# Description of the task
Repeat the listing exactly. The images do not belong in the copy.

# Source material
>>>>>

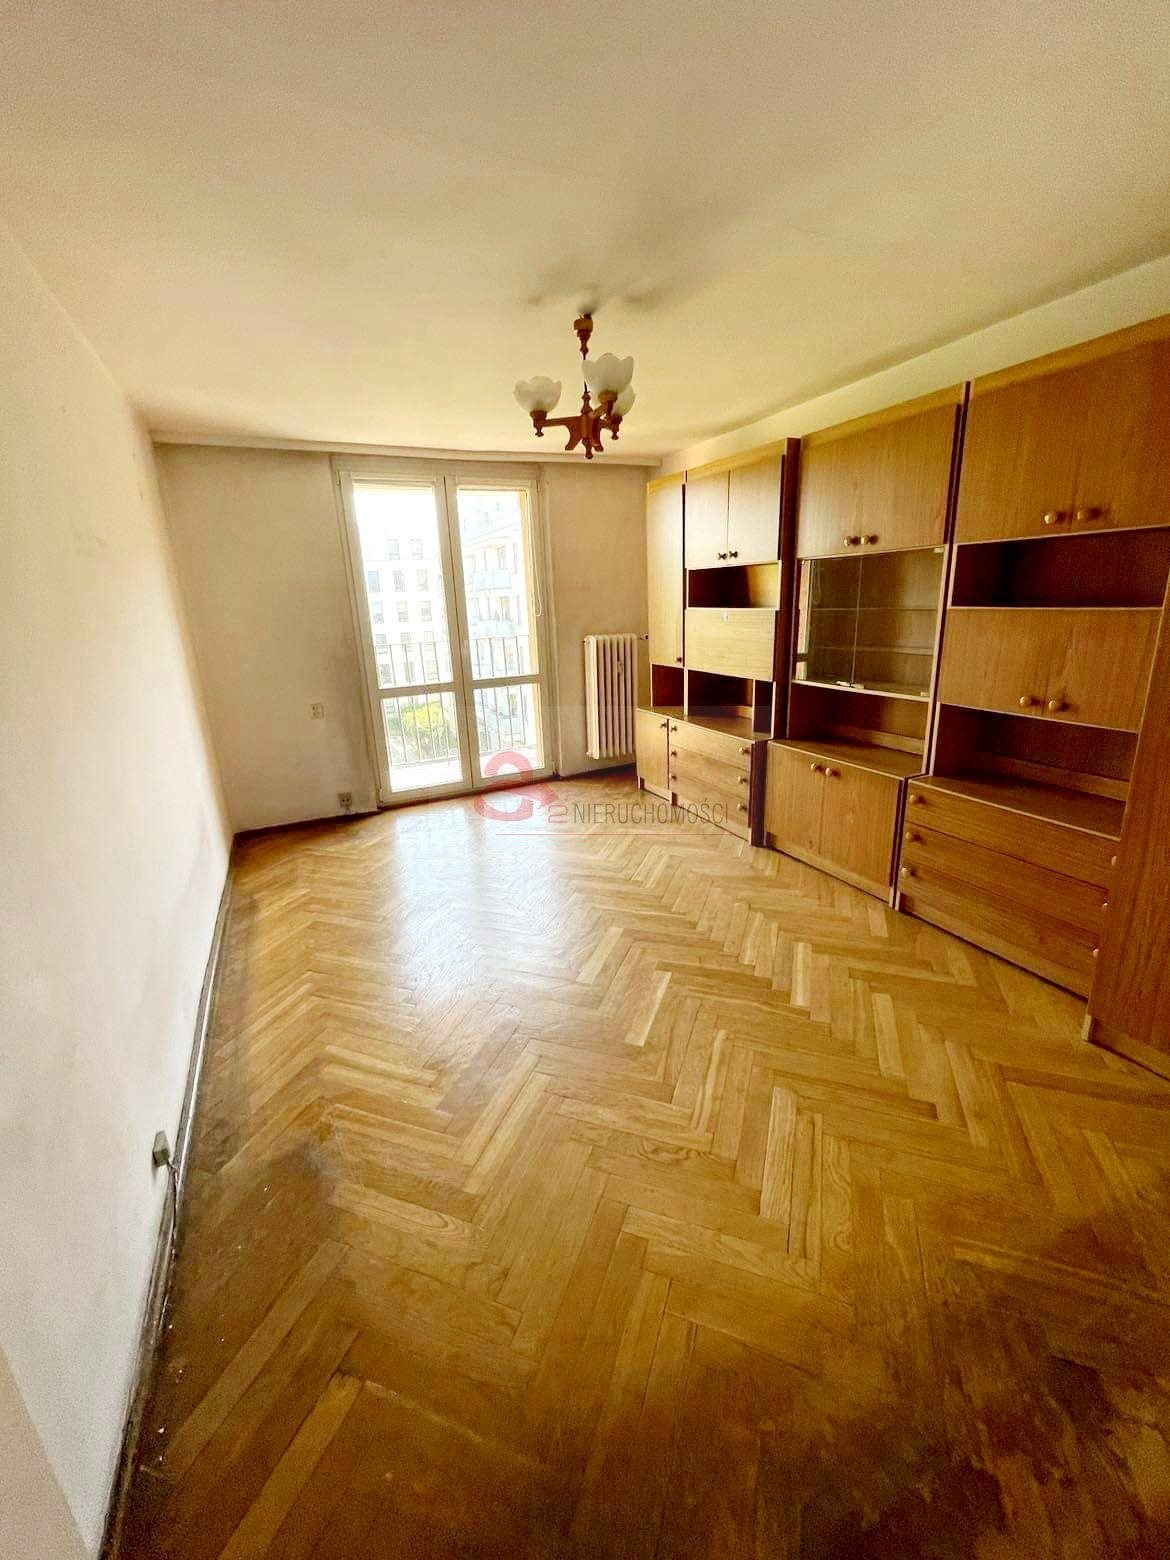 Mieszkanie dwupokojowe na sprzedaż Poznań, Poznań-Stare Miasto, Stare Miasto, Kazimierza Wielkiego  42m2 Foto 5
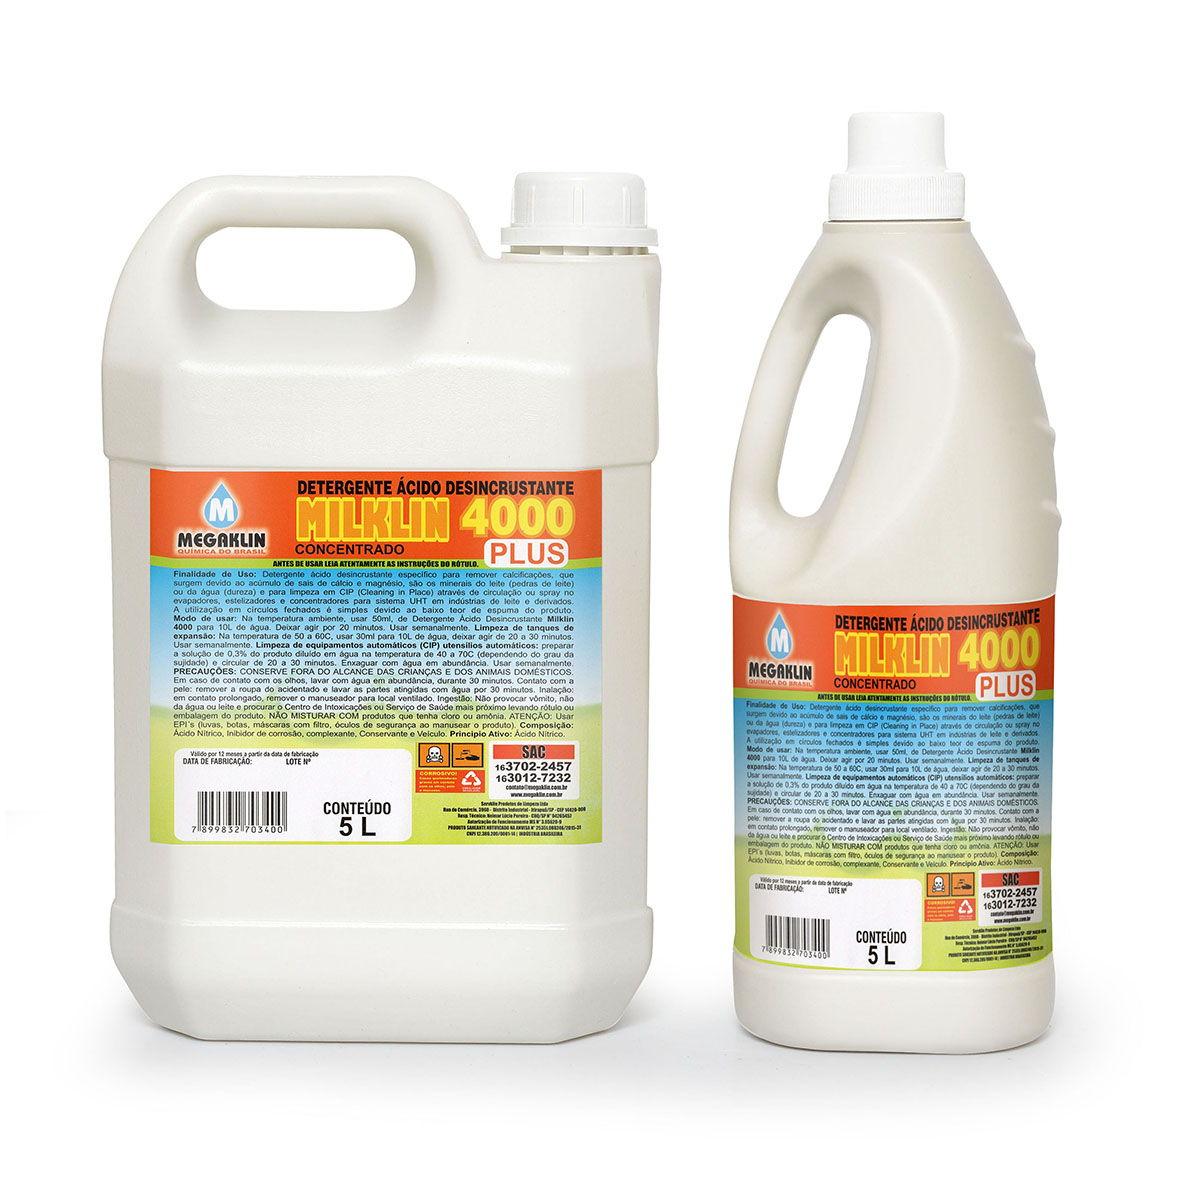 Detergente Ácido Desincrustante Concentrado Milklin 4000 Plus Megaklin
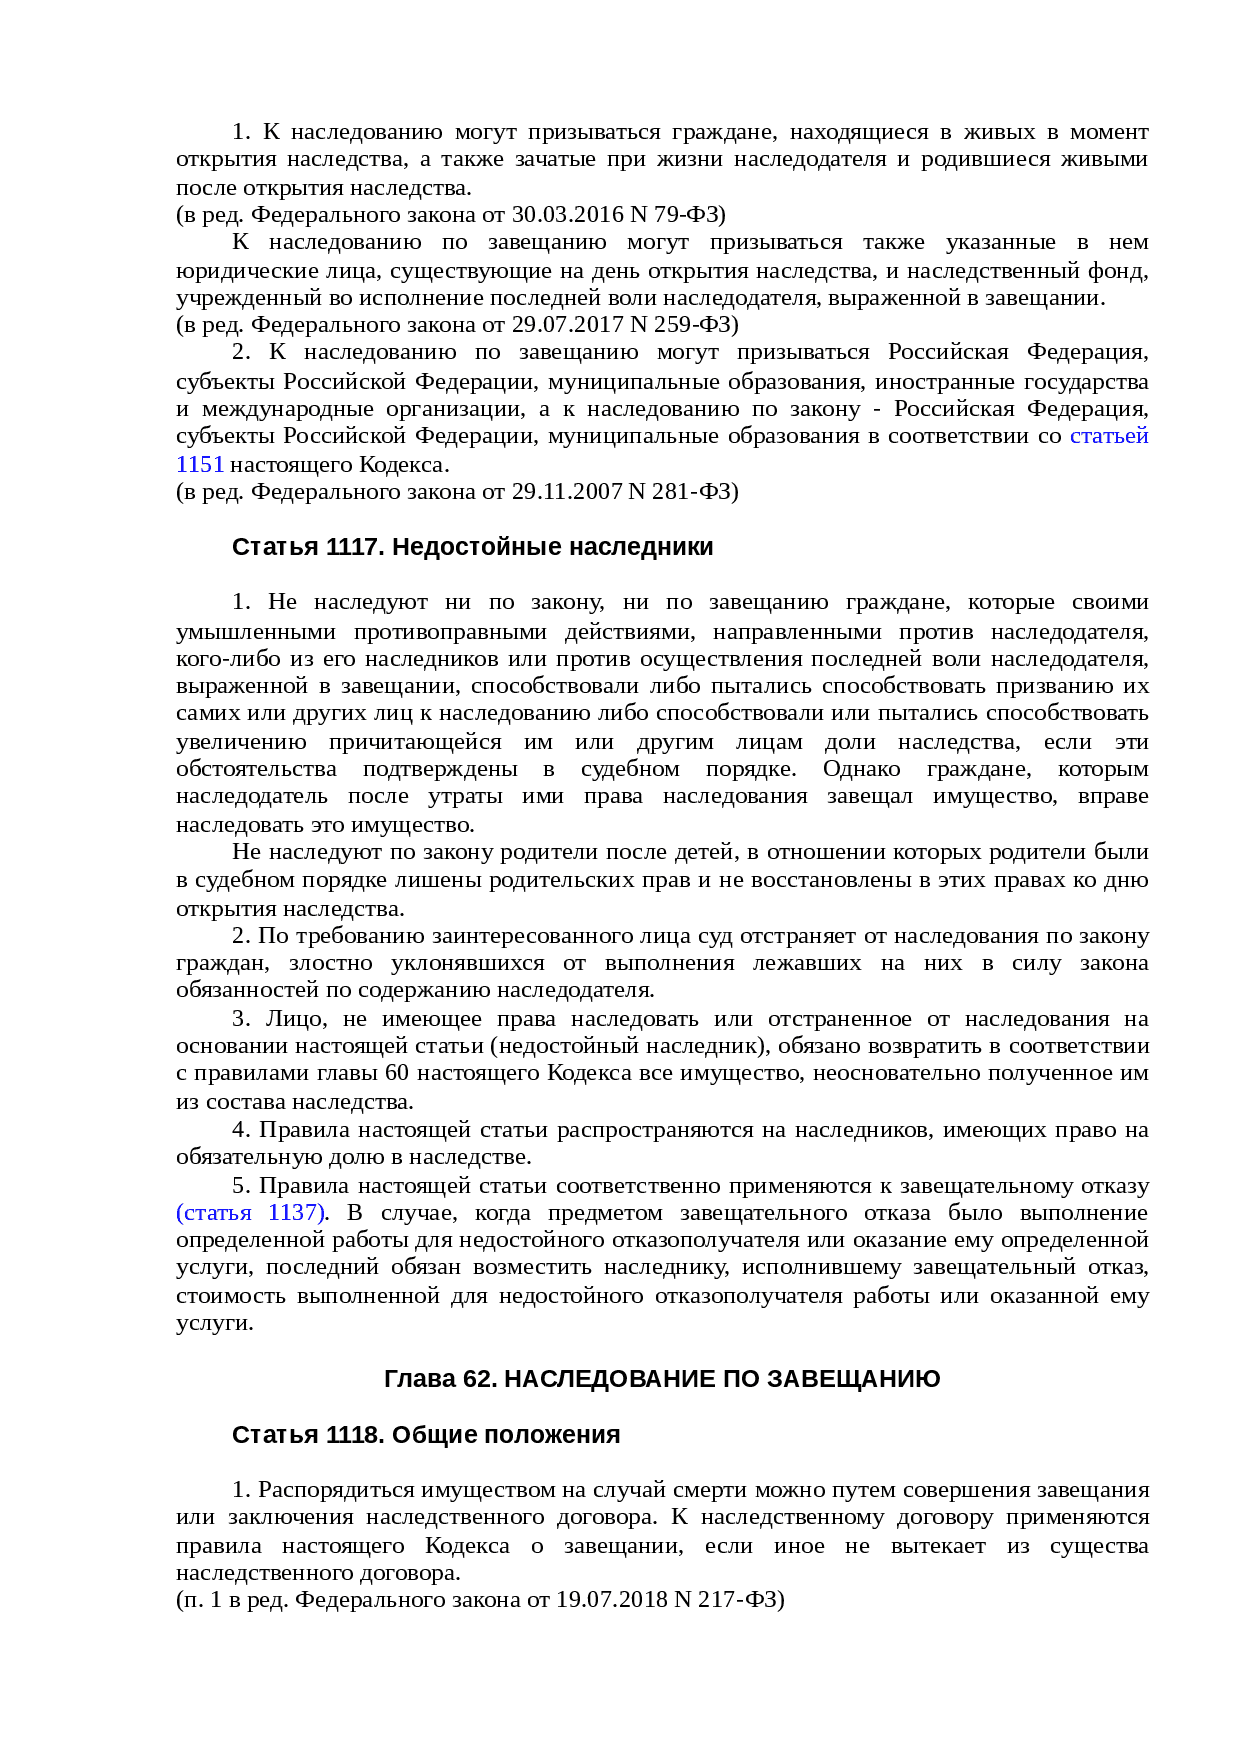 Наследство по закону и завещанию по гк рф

<<<<<

# Reply to the task
 Mieszkanie dwupokojowe na sprzedaż Poznań, Poznań-Stare Miasto, Stare Miasto, Kazimierza Wielkiego  42m2 Foto 5
 Detergente Ácido Desincrustante Concentrado Milklin 4000 Plus Megaklin
 Наследство по закону и завещанию по гк рф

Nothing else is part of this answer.